WASHINGTON —Potential U.S. Supreme Court nominee Judge Ketanji Brown Jackson has given the nation’s two million federal workers a legal win over their nemesis, former GOP Oval Office occupant Donald Trump—again.
This time Jackson threw out an anti-worker scheme the Trump-named majority on the Federal Labor Relations Authority concocted in the waning days of the Republican regime. The FLRA is the equivalent of the National Labor Relations Board, but for federal workers.
Jackson called the massive changes FLRA wanted to impose on workers, without a chance for unions or anyone else to comment, “arbitrary, capricious and contrary to law.”
Her stand, in one sense, was no surprise. Several years ago, Jackson, then a federal district judge in D.C., tossed Trump’s three anti-worker anti-union executive orders. All three broke federal law regarding government worker-management relations and one broke the U.S. Constitution’s clauses for free speech and the right to petition Congress about grievances, too.
Jackson’s Feb. 1 ruling was a big win for the American Federation of Government Employees (AFGE), the largest union for federal non-USPS workers, which sued FLRA this time and Trump last time. It was one of two wins in five days for the union against FLRA.
But the win is important not just for its substance, but because of who Jackson is. She’s now a judge on the U.S. Court of Appeals for D.C., often called the nation’s second-most-powerful court. And she’s on the shortlist, so far, of Black female judges Democratic President Joe Biden is considering as successors to retiring Supreme Court Justice Stephen Breyer.

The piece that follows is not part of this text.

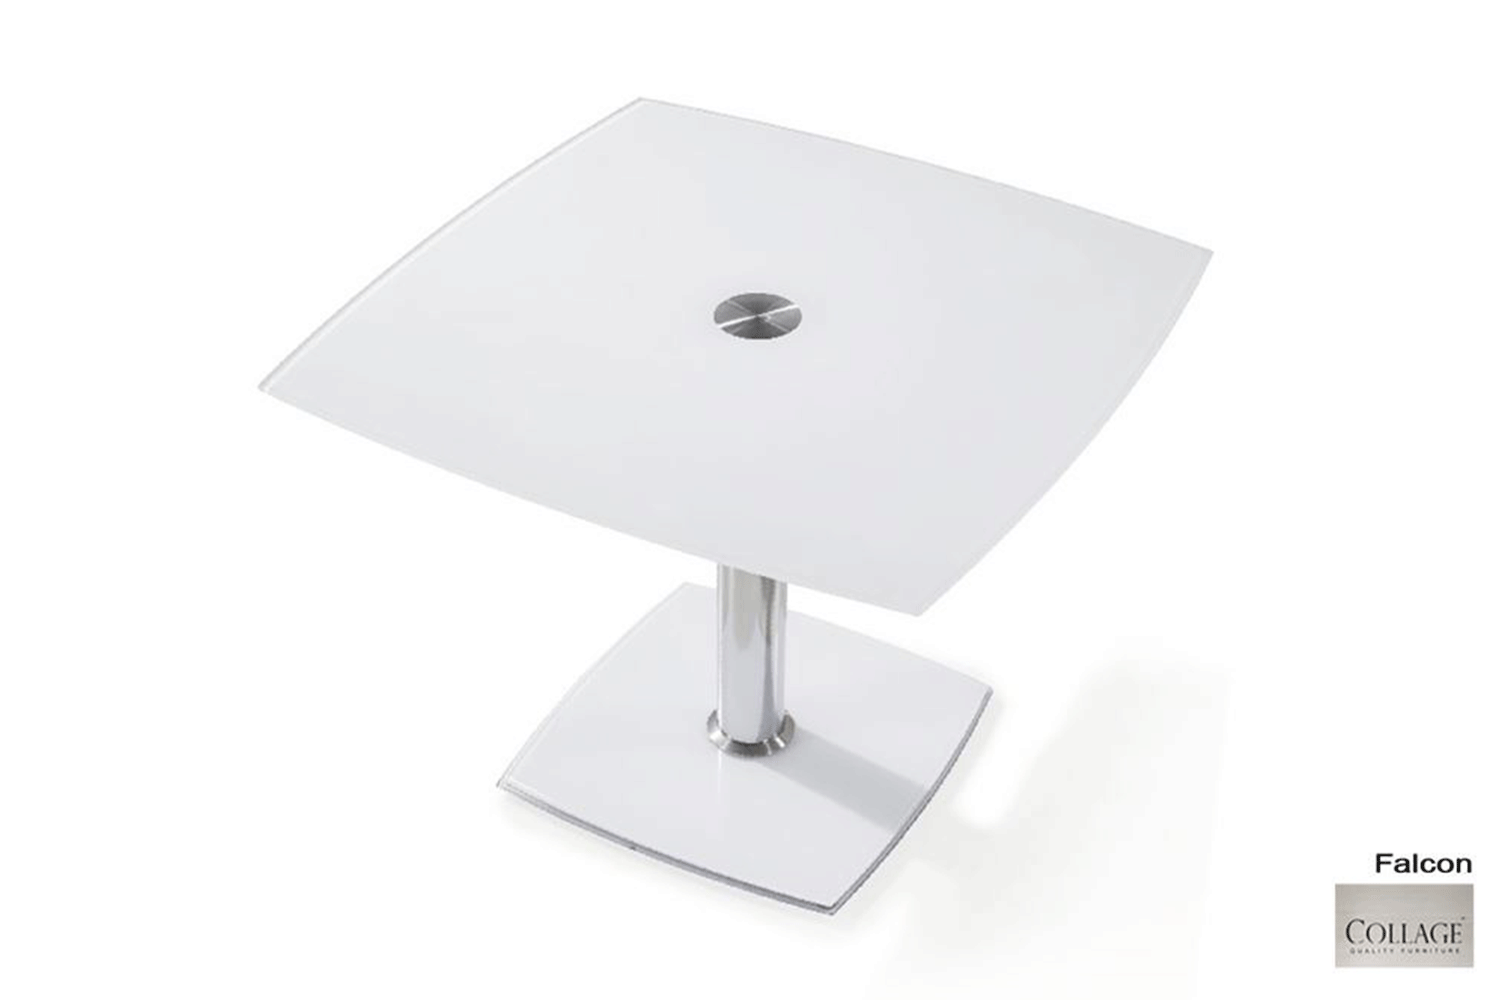 Falcon White Extension Dining Table by Collage

During the 2020 campaign, Biden pledged his first High Court nominee would be the first-ever Black woman on the High Court. Breyer said he would retire at the end of the court’s current term or when the Senate approves a successor.
Jackson, a graduate of Harvard and Harvard Law School, was one of three judges immediately identified as on Biden’s list of possibilities, especially since he previously interviewed her. She’s also a former public defender and former Supreme Court clerk—a term for top aides who research the law for the justices—for Breyer.
Right-wing Senate Republicans, led by Ted Cruz of Texas and Roger Wicker of Mississippi, are already screaming, defending white male conservative privilege, ignoring the top credentials of Jackson and both other Black woman judges mentioned so far.
In her latest decision, Jackson explained federal agencies must bargain with AFGE and other federal worker unions when bosses plan to initiate “changes to the ‘conditions of employment affecting such employees.’” Those changes include personnel and “other matters affecting working conditions,” she noted. The only specific exceptions were defined and listed as minimal.
But after almost 40 years, Trump’s FLRA changed the policy last September, without even bothering to tell AFGE and other federal worker unions, Jackson wrote. The only time the Trumpites wanted to talk with the unions was when “a workplace change has “a substantial impact on a condition of employment.”
AFGE, defending its members, took the Trump FLRA to court. The unions “maintain FLRA’s new standard is both inconsistent with the governing statute and insufficiently explained, and is therefore arbitrary, capricious, and contrary to law,” Jackson said. They were right. She threw out FLRA’s scheme.
As a U.S. District Court Judge in D.C., Jackson tossed Trump’s anti-worker executive orders. Trump evicted federal worker unions out of their small offices in buildings, yanked their phones, computers, and fax machines, barred workers from contacting Congress, and even made union shop stewards conduct cases on their own time and on their own dime. Besides breaking labor law, banning congressional contact was unconstitutional, too, she ruled.
But in a sign of the superior panel’s power, the D.C. appellate court, on which she now sits, overruled her then, on a party-line 2-1 vote for Trump. Now, it won’t. And Biden revoked Trump’s executive orders, thus agreeing with Jackson.
FLRA also lost its attempt to bar mid-term bargaining during union contracts, Appellate Judge Cornelia Pillard decided. Her ruling, for another three-judge panel, preceded Jackson’s.
The rulings by Jackson and Pillard “highlight the extreme lengths to which the holdover” Trump-named FLRA majority “will go in its attempts to bust unions, limit collective bargaining, and run roughshod over the law,” union President Everett Kelley said.
Jackson, said Kelley, bounced “FLRA’s unfounded attempt to restrict a union’s right to bargain over changes affecting conditions of employment for the employees it represents. As the court rightly recognized, the FLRA’s decision was arbitrary and capricious from the start.” Pillard “overturned another baseless FLRA decision that would have drastically reduced federal unions’ collective bargaining by eliminating the statutory right to mid-term bargaining.”
Both judges, he said, recognized Trump’s FLRA majority “impermissibly departed from” federal sector labor law “and years of well-founded precedent with little explanation and less reasoning.” He called the judges’ decisions “a vindication for the rule of law.”